Too bad you used the worst of the Sanger instruments for your comparison, but the difference is still stark.
The Amersham/GE Healthcare MegaBACE 4500 was a 384-capillary instrument, with readlengths over 1000 bp. Yet, due to ABI’s better dominance in the market, the MB 4500 never had much penetration.
Disclosure: I developed the MegaBACE 4500.
Hmm, you’re giving me a dilemma: yes, I could add other then-available instruments, which would be nothing else than fair. however, I have no overview of which these were, when they were available, and what the relevant metrics were. Or, if I don’t, I should remove the ABI… I’ll give this a bit of thought. Oh, and when I just started working here in 2005, we still had a MegaBACE – although I never used it.
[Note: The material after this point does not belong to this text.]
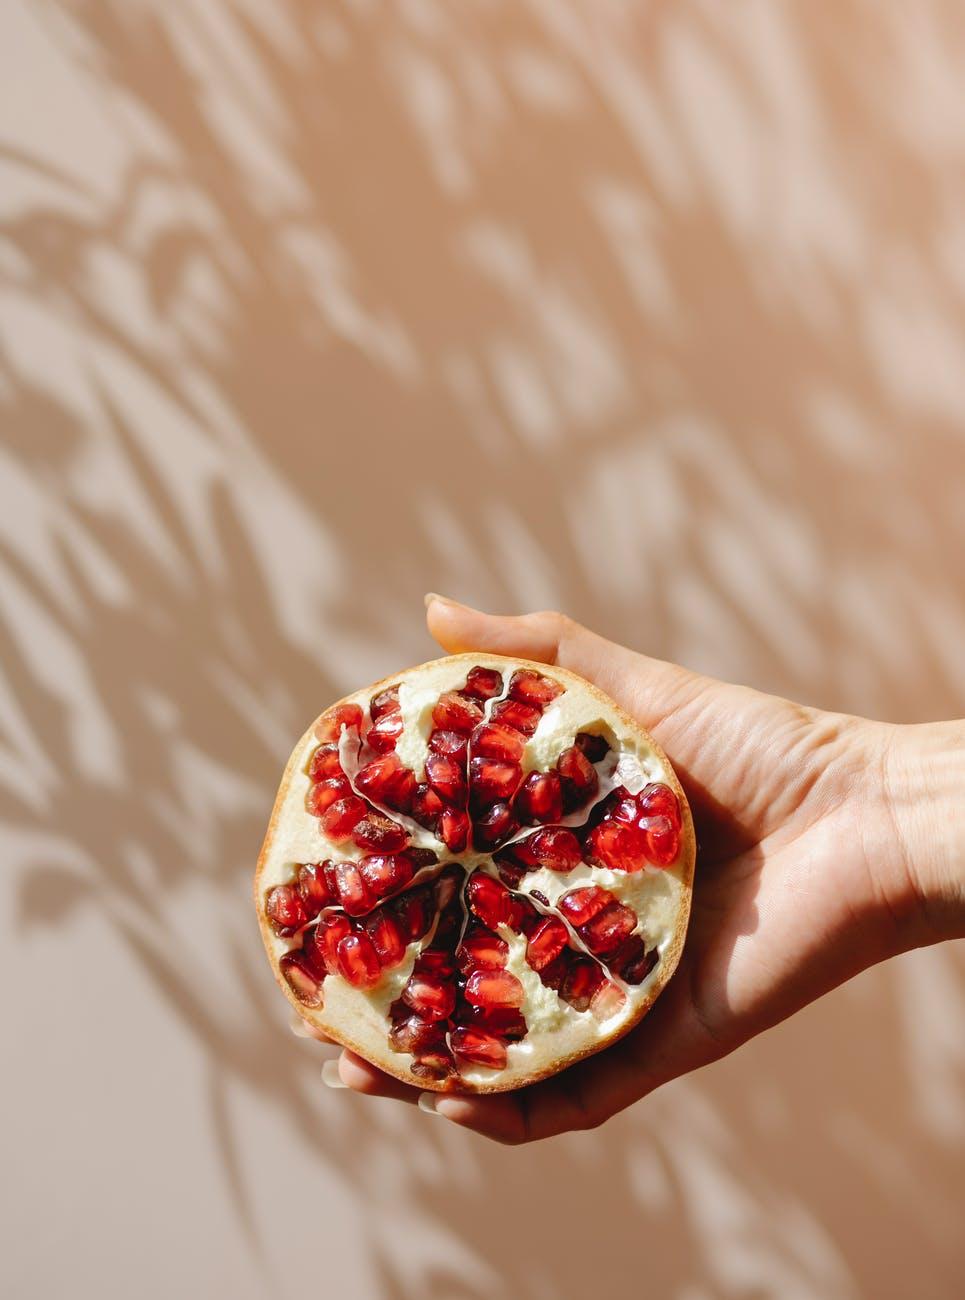 Lựu là thực phẩm ngăn ngừa lão hóa
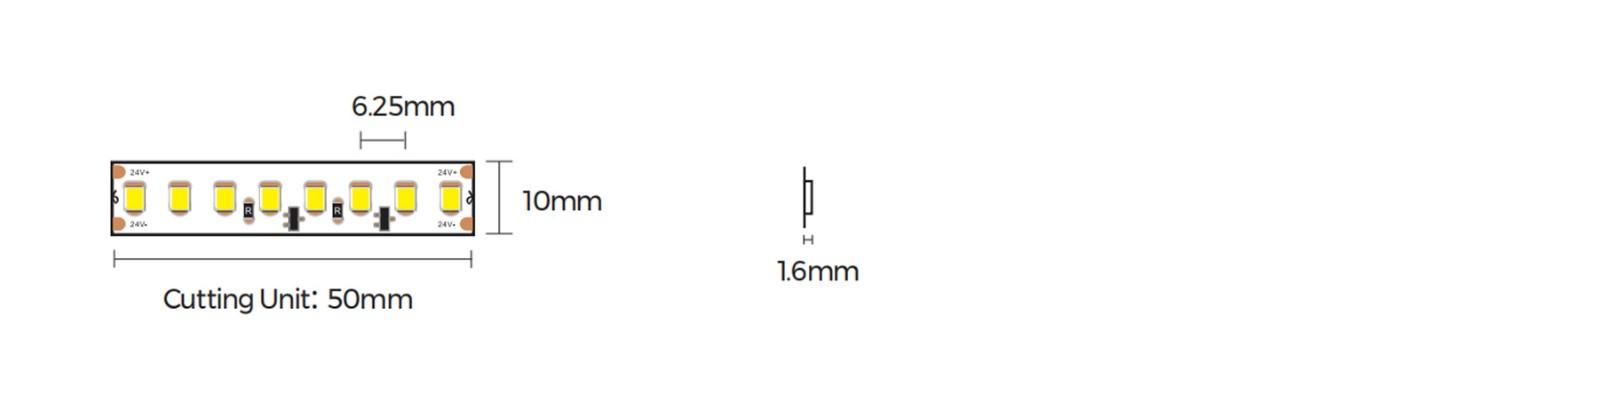 DS8160-24V-10mm

Hi, could I use one of your illustration in my master thesis? i would indicate the source obviously..
thanks in advance
Absolutely!
Hi. Excellent summary which I have shared around my institution. As a PGM evangelist can I point out that 314v2 and 316v2 chips were launched a while back enabling 400bp reads on those chips. Also I presume you’re comparing on an “even” grounding and using the official manufacturer’s numbers? I only mention as I would be pretty disappointed with a 314v2 run that didn’t come out with >250,000 reads and 316v2 that didn’t come to >3m
Thanks! My bad for not following along. Was this release in 2014 or 2013? I need to update the graph (HiSeq4000! RapidRun v2! pacBio P6-C4!) so then I will add your suggested updates.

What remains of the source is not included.